In great excitement the distaff side of the Messer family hoisted the miniscule bream, not more than double the size of a single sizeable butterbean, into the air. In one of those accidents of nature that seem, in retrospect and as the senior Messer male would later put it, “just bound to happen,” the wee panfish wiggled loose while directly overhead. It then somehow managed to land squarely atop the loose blouse “Caring Karen” had decided was proper feminine angling attire. She screamed and twisted, and that movement was just enough for the hapless bream somehow to nestle squarely between her ample breasts. All hell forthwith broke loose. Forgetting all about the unstable nature of the craft on which she was a passenger, Mrs. Messer jumped to her feet and did the fat woman’s equivalent of a “hoochey-coochey dance” in an effort to rid herself of the hapless wiggling prisoner whose spiny little back fin was doing a painful dance atop her bosom.
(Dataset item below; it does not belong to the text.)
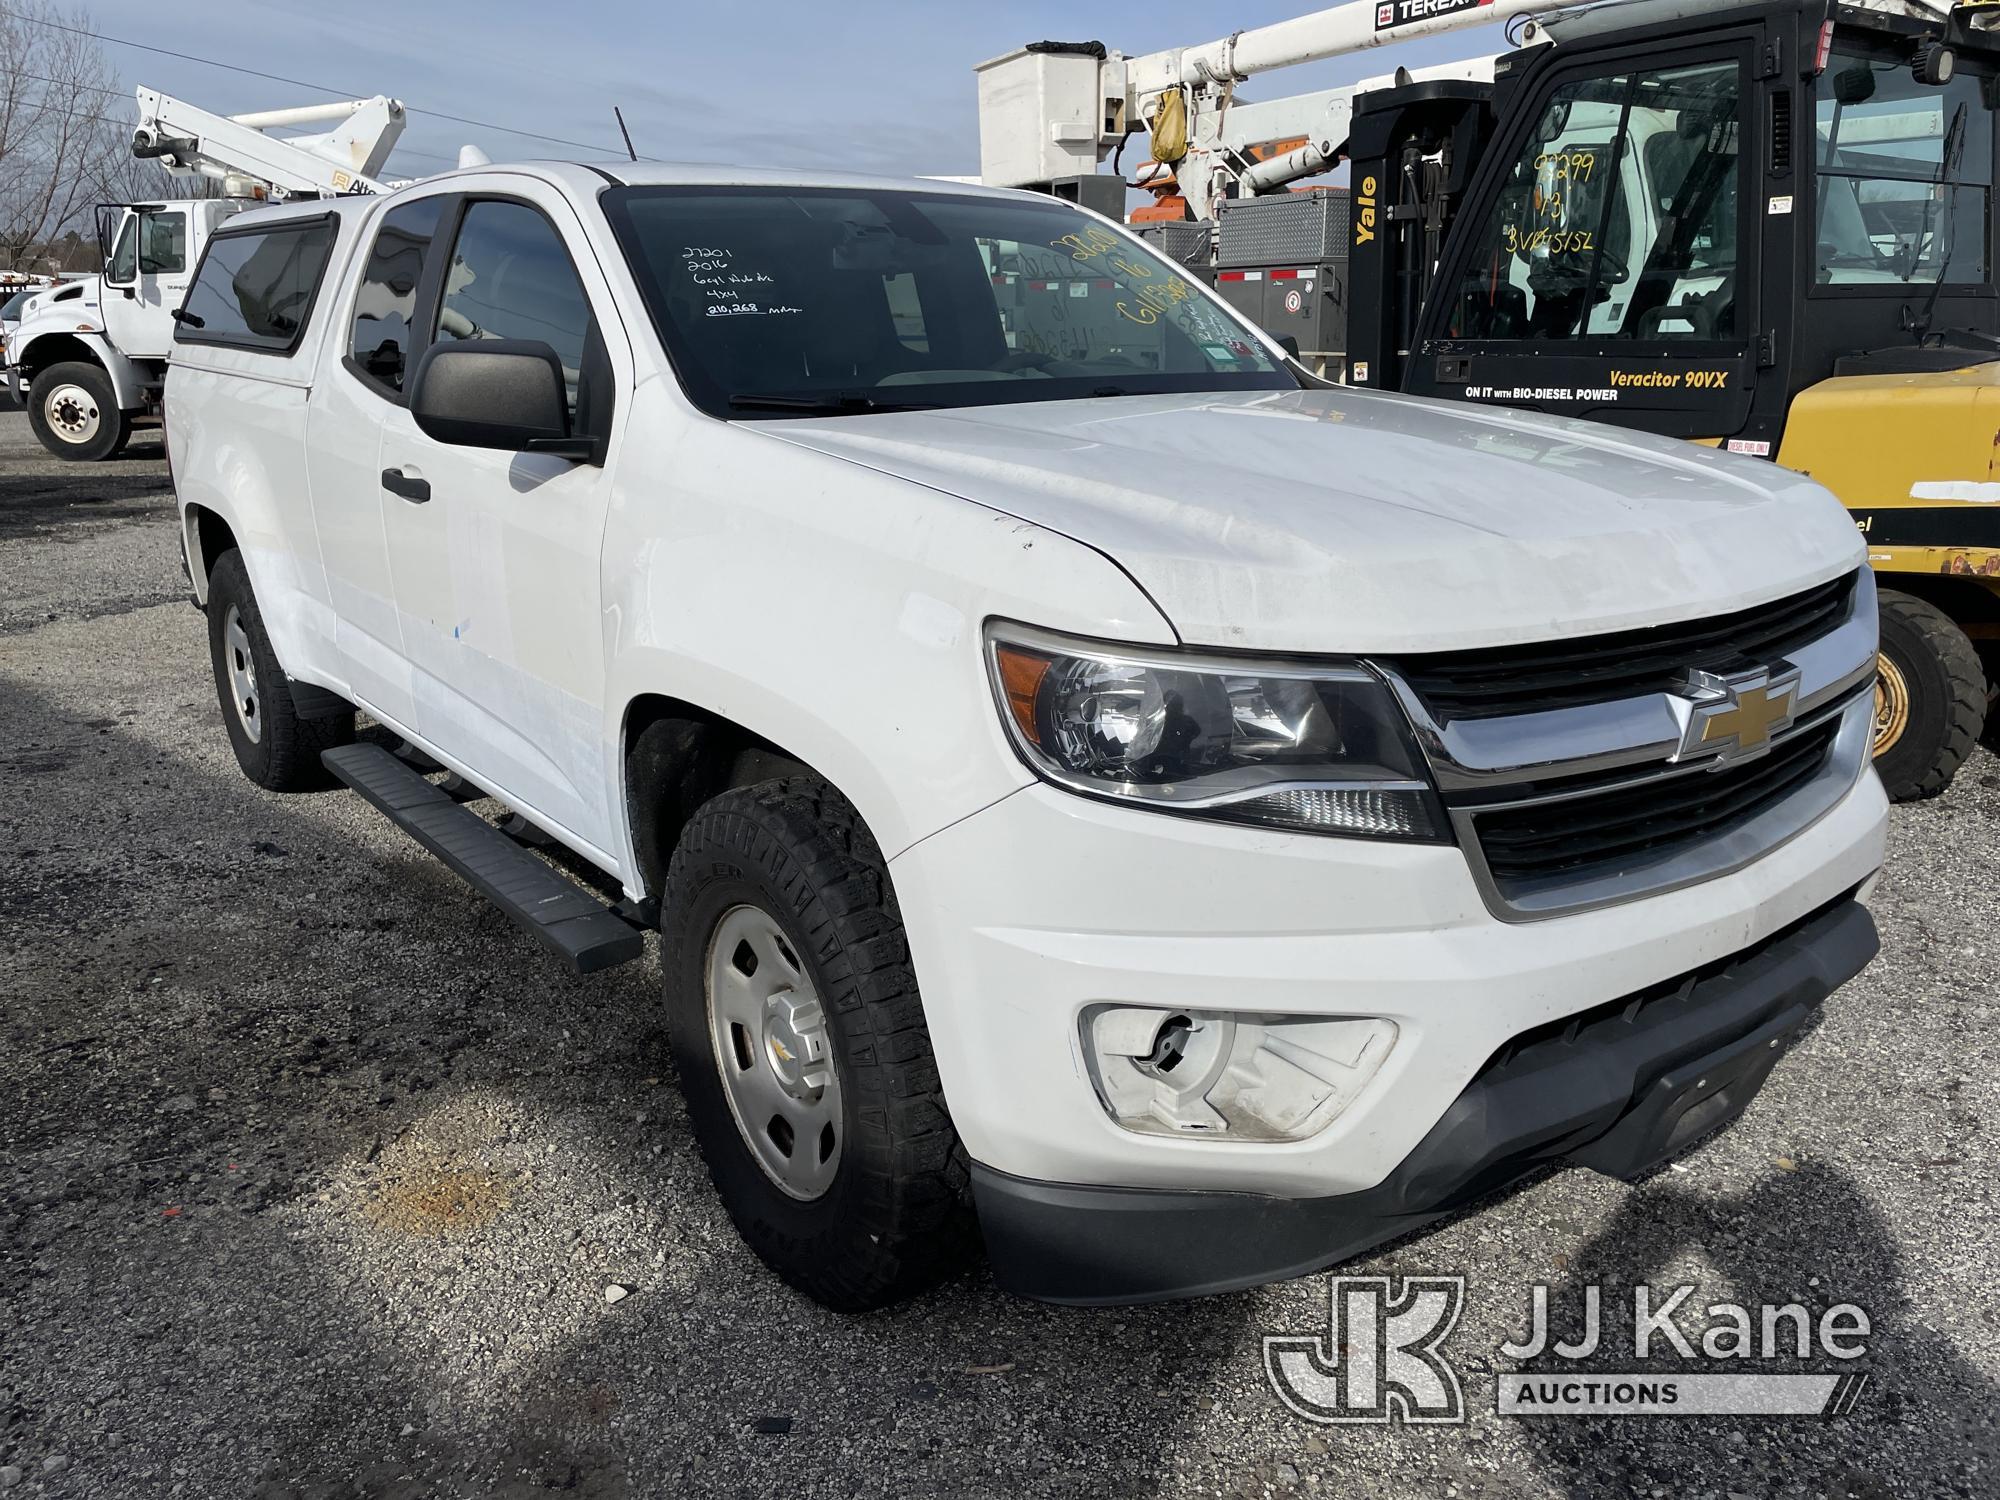 (Plymouth Meeting, PA) 2016 Chevrolet Colorado 4x4 Extended-Cab Pickup Truck Runs Rough & Moves, Bod

That action forthwith dumped everyone into the water. The three humans found themselves in a muddy bottom mess while the diminutive bream, back in its element, made its escape.

The pond beneath the Messers was only 3 or 4 feet deep, but from the nature of “Caring Karen’s”  screams one would have thought that either drowning was imminent or else a great white shark had somehow made its way to a hill country pond. Eventually, somewhat after the fashion of a beached whale, she wallowed her way to the shoreline, wiping out a large bream bed along the way, and proceeded to berate her long-suffering spouse in a most dreadful fashion. She suggested it was a father-son conspiracy and that they had intentionally upended the jon boat, muttered all sorts of dire imprecations about what the immediate future held for her male fishing companions, used multiple four-letter words that would have brought the wrath of the gods down on her offspring had he dared utter them in her presence, and declared to the heavens that was the last time she’d ever go on such a fool’s adventure.
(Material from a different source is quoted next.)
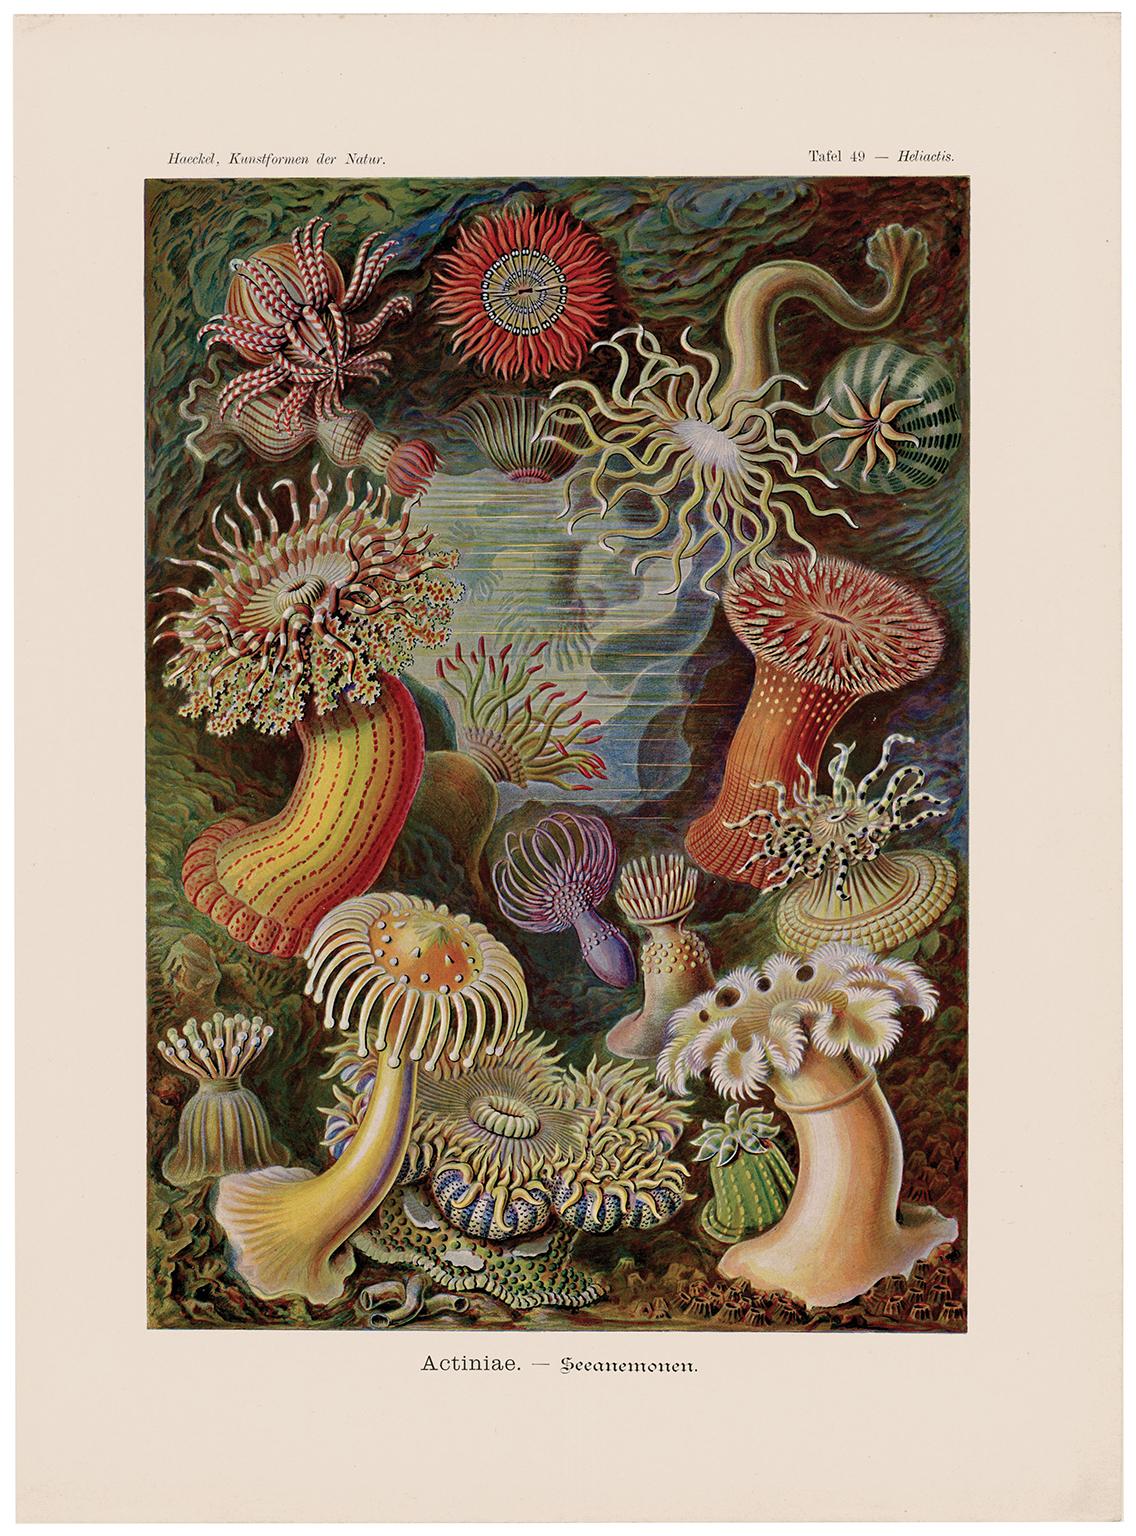 Art Forms in Nature (Plate 49 - Heliactis) — 1988 Celebration of Natural Forms - Print by Ernst Haeckel

Accustomed to such verbal abuse, although this was on a scale he had never previously experienced, the bemused senior Messer turned to his son and muttered, with a sly grin in an unguarded moment, “Now that was a sho’ nuff titty bream.”

Unfortunately “Caring Karen” overheard, but she was so nonplussed all she could offer by way of a retort was “Well, I never!” After things finally approached a state of normalcy after return to the Messer household, with the domicile’s matron having showered, changed clothes, and calmed her nerves a bit with two stiff gin-and-tonics, she amplified on her previous pond-side statement. “I’m never going fishing again,” she asserted, totally missed the knowing glances between father and son indicative of a state of blessed relief. That declaration had just been given them a key to the gates of piscatorial paradise.

By early evening matters once more approached something vaguely resembling equanimity in the Messer household.  Needless to say though, there were no bream fillets with slaw and hushpuppies for supper, and “Caring Karen,” after knocking down a third three-finger gin-and-tonic, didn’t even see the irony in the delivery of an anchovy-loaded pizza for the family’s dining pleasure.